DATA PROVIDED:
============

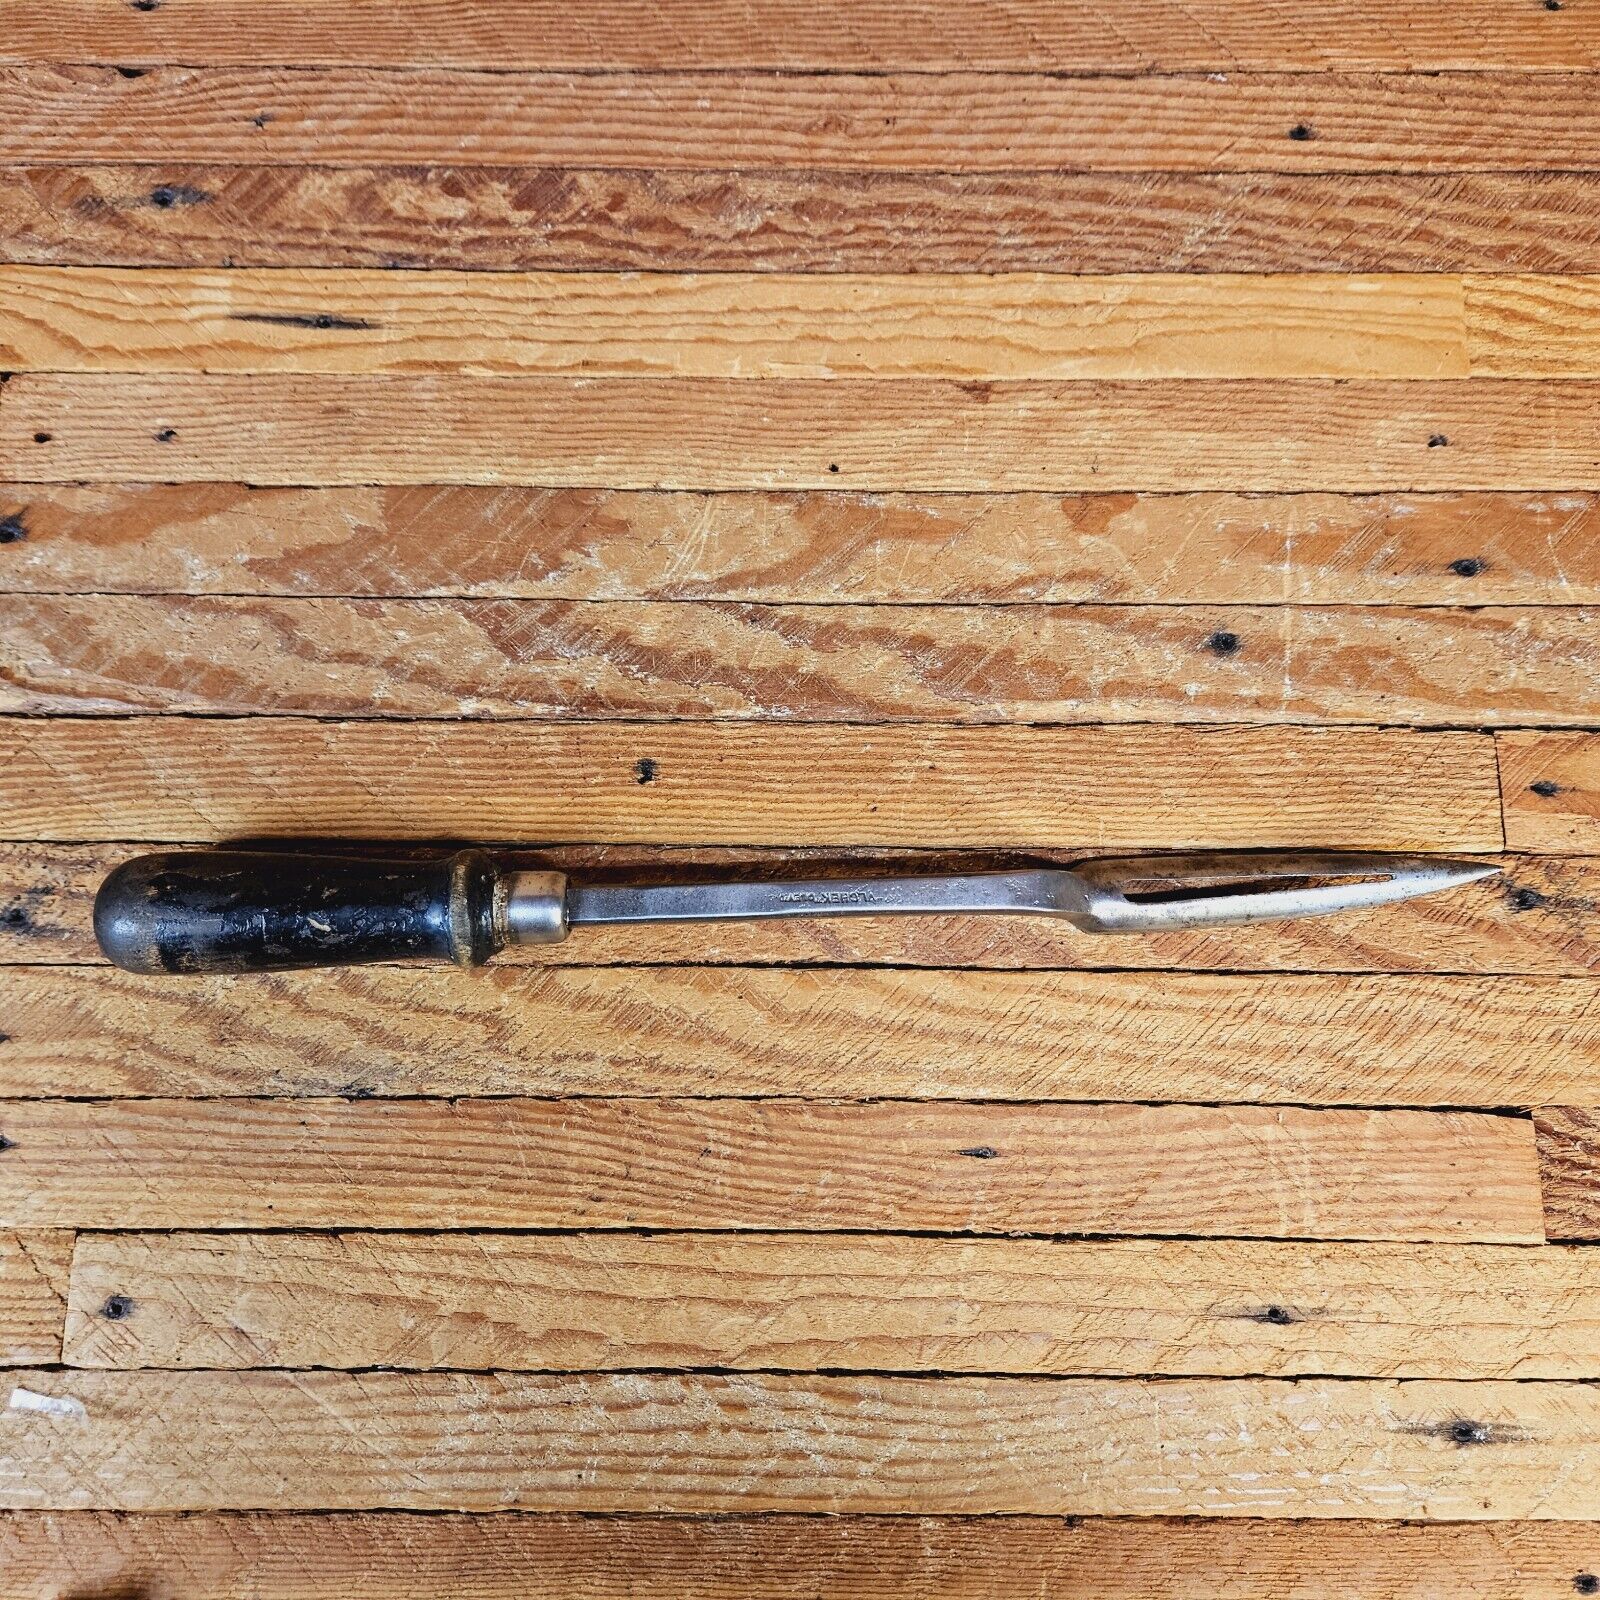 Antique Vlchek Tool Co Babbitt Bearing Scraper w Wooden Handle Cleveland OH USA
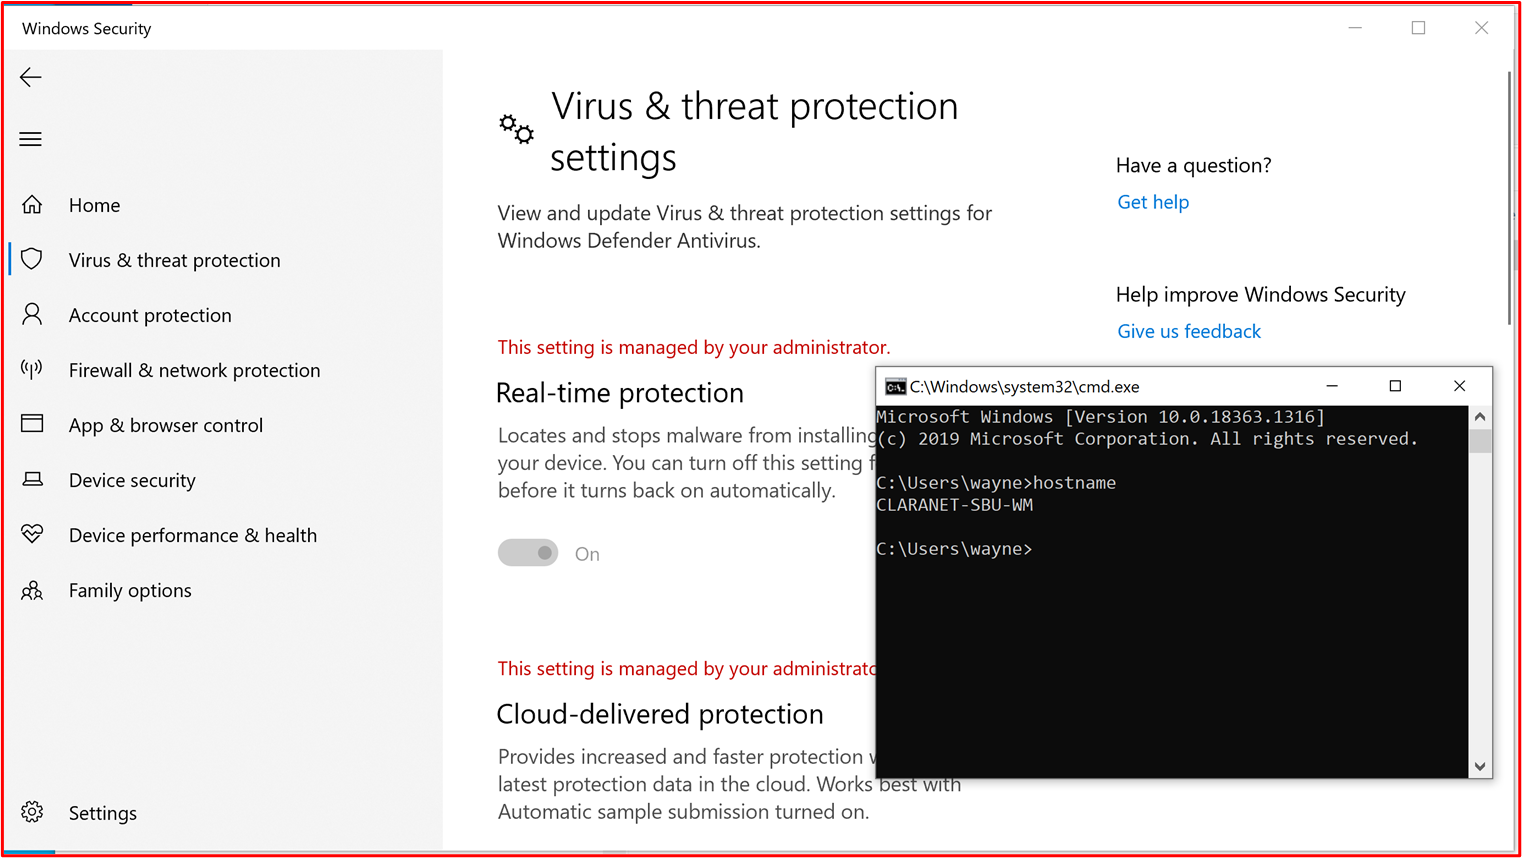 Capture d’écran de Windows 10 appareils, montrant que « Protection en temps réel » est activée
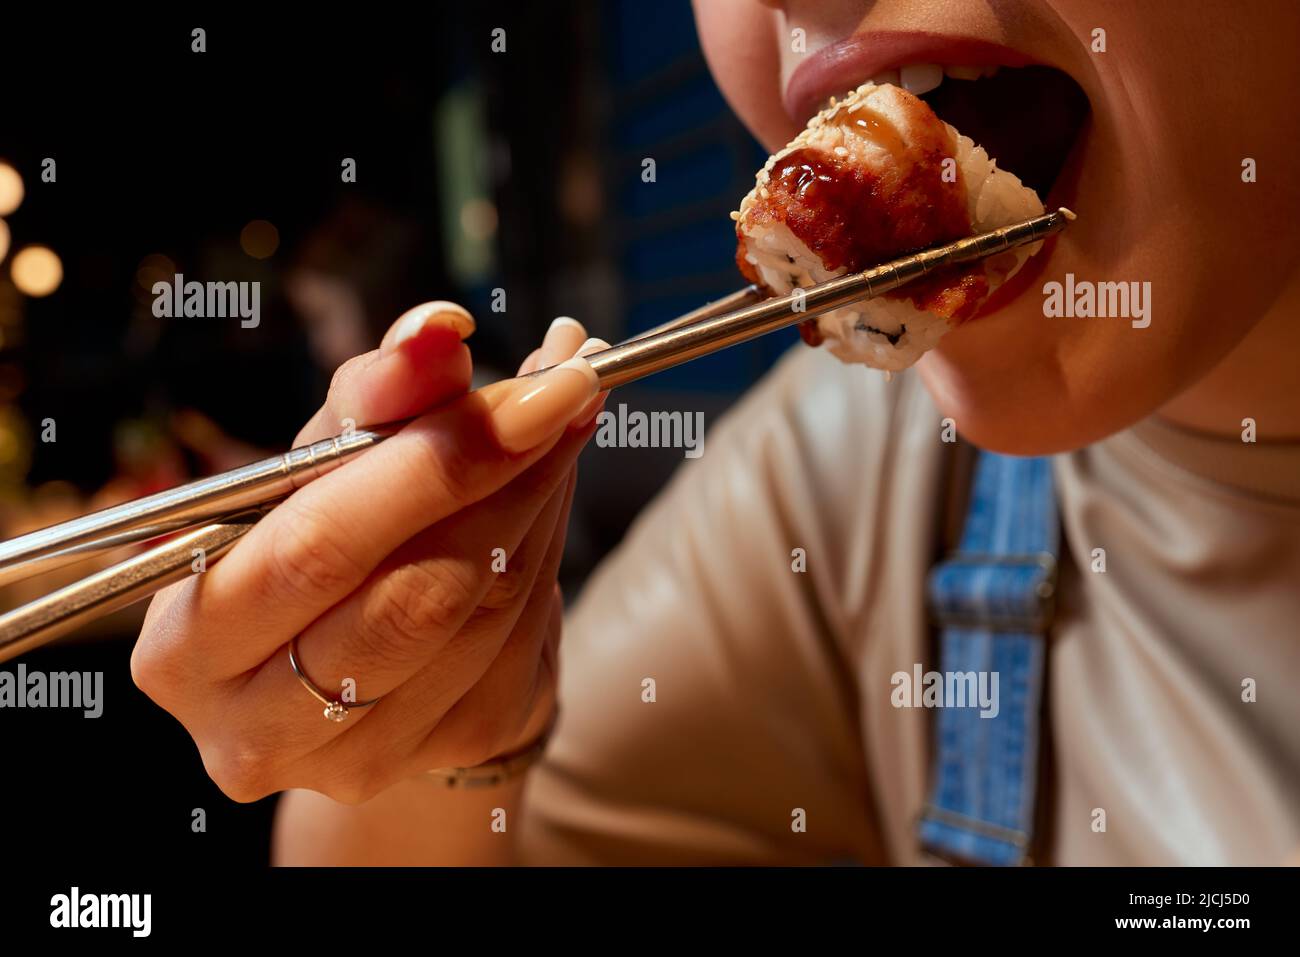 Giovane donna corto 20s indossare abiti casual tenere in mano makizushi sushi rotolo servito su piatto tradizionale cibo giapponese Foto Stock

============

EXERCISE PROMPT:
Could you copy the data above exactly, leaving the pictures out?

TASK RESULT:
 Antique Vlchek Tool Co Babbitt Bearing Scraper w Wooden Handle Cleveland OH USA
 Capture d’écran de Windows 10 appareils, montrant que « Protection en temps réel » est activée
 Giovane donna corto 20s indossare abiti casual tenere in mano makizushi sushi rotolo servito su piatto tradizionale cibo giapponese Foto Stock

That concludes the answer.